• **Task to carry out**: Leave out all pictures and retype exactly the lines from the one with "TELVA テルバ アナログウオッチ メンズ 曜日 日付 腕時計【TE-AM176】" through the last line of the material.

• **Data below**:
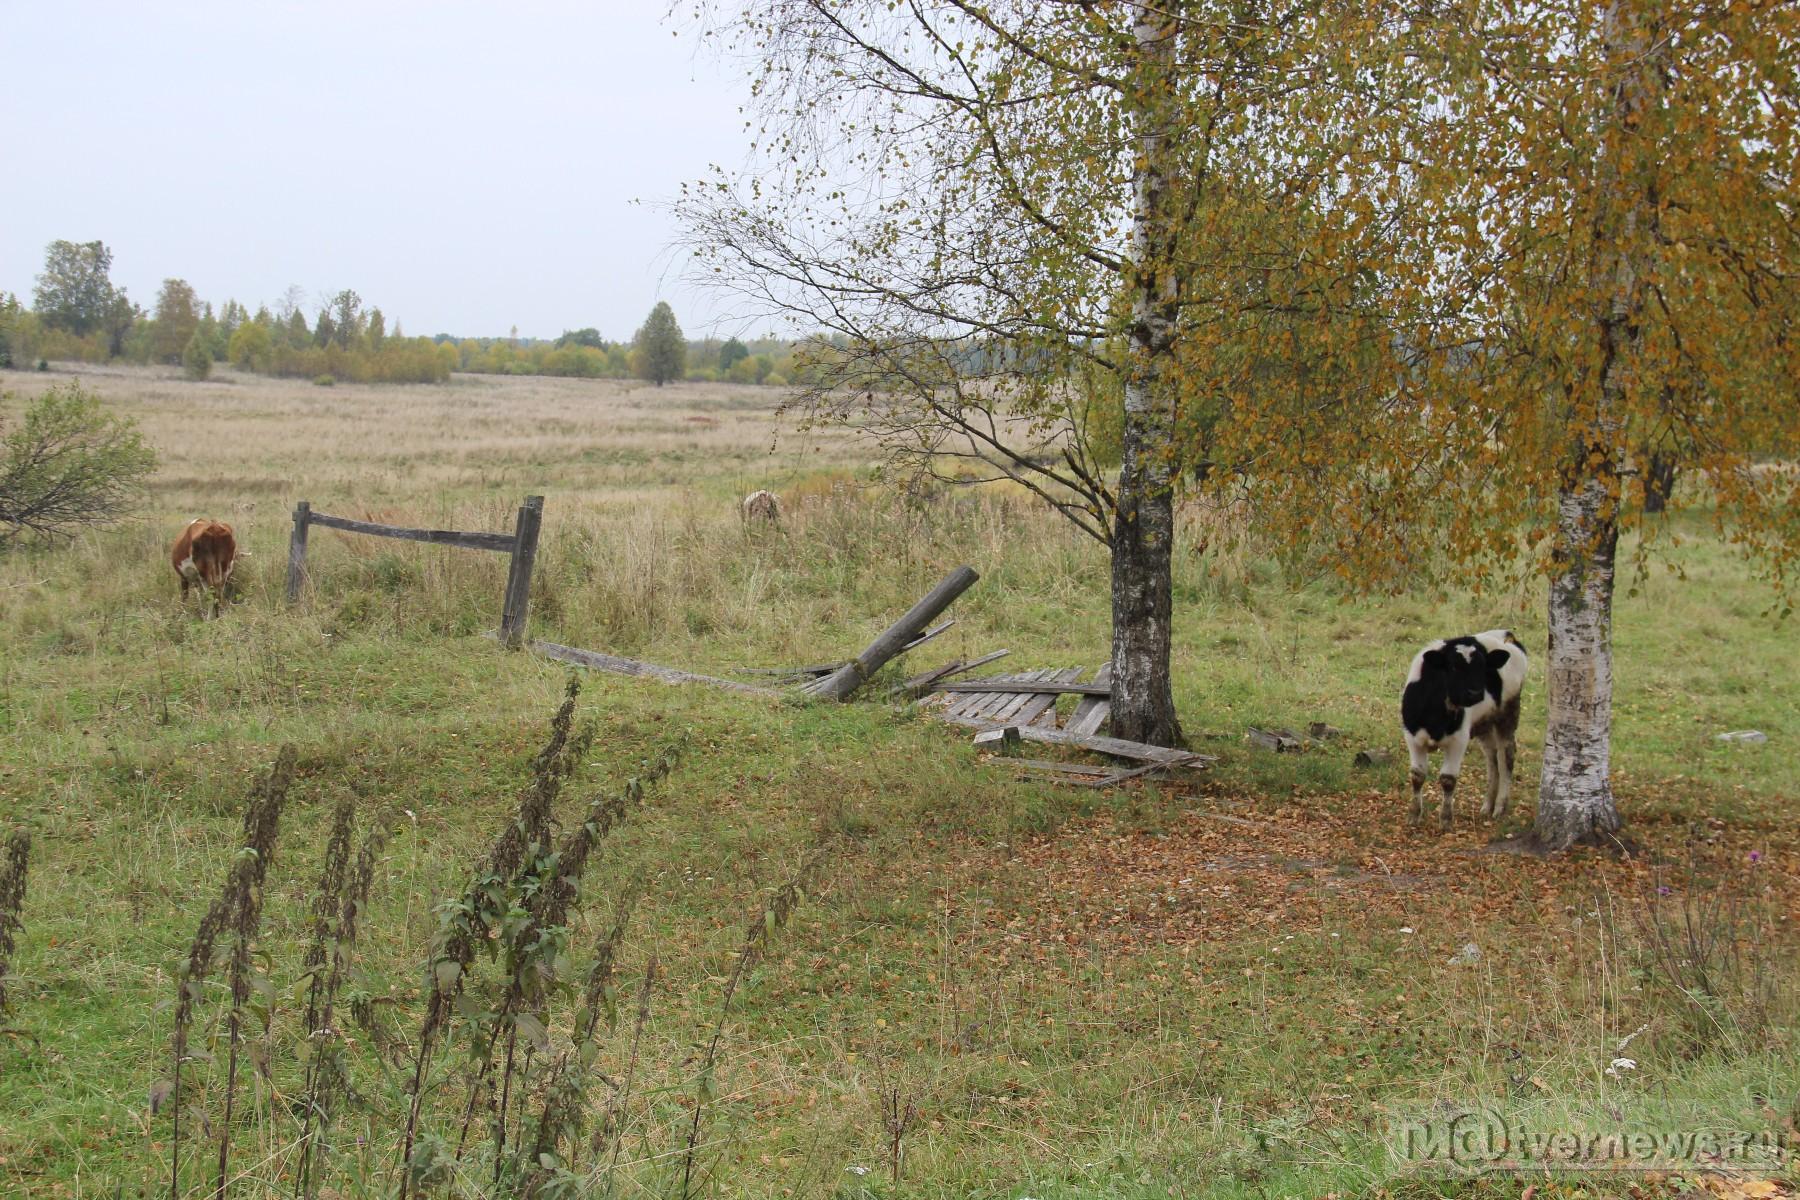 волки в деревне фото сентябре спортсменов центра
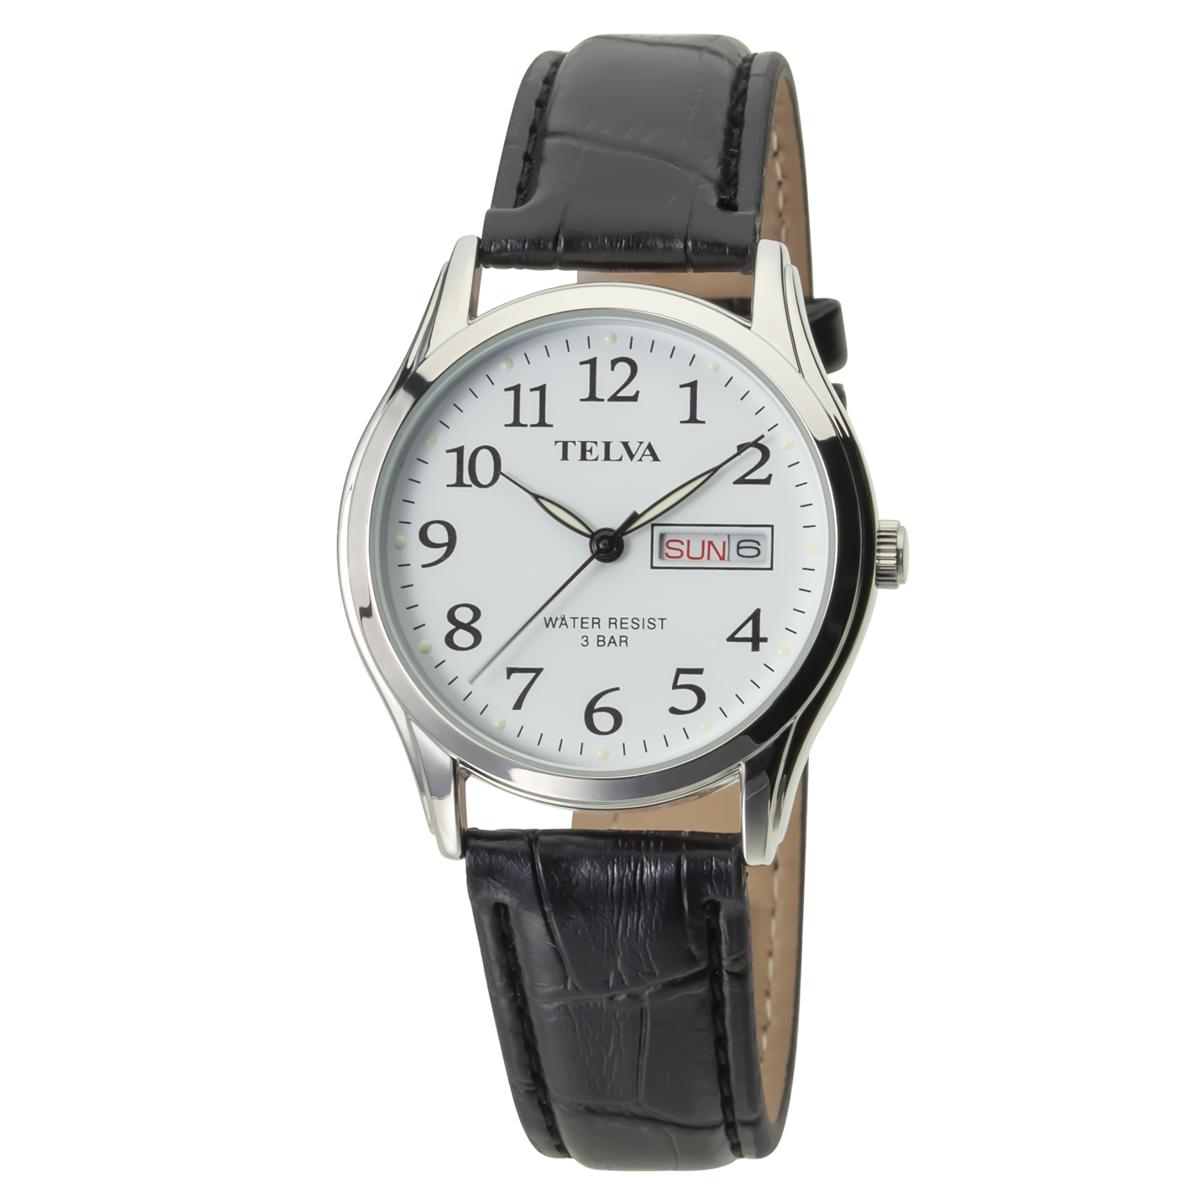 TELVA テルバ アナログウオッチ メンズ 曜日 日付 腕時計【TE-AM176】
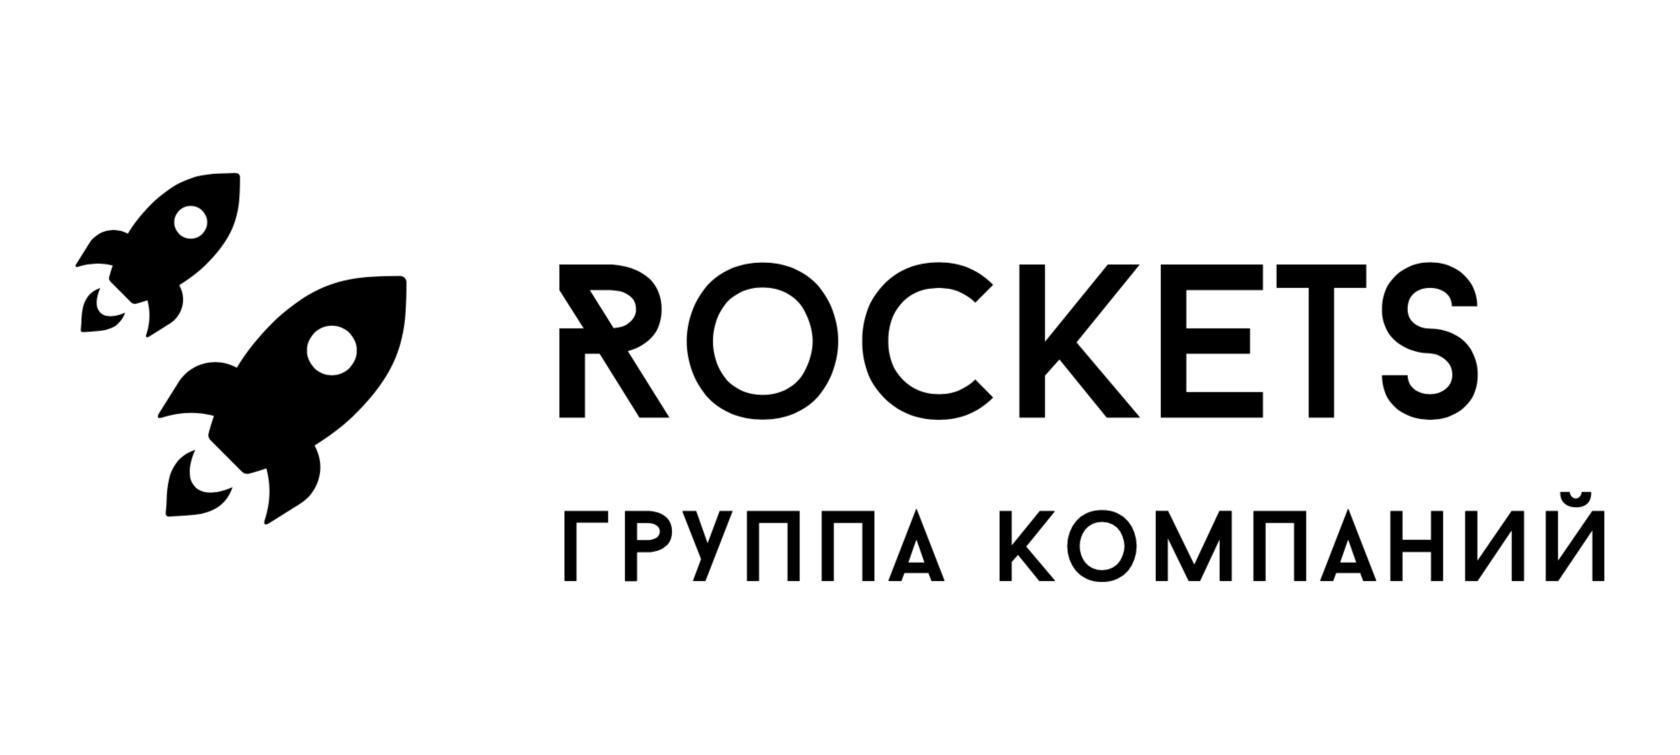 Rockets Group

• **Exercise answer**:
 TELVA テルバ アナログウオッチ メンズ 曜日 日付 腕時計【TE-AM176】
 Rockets Group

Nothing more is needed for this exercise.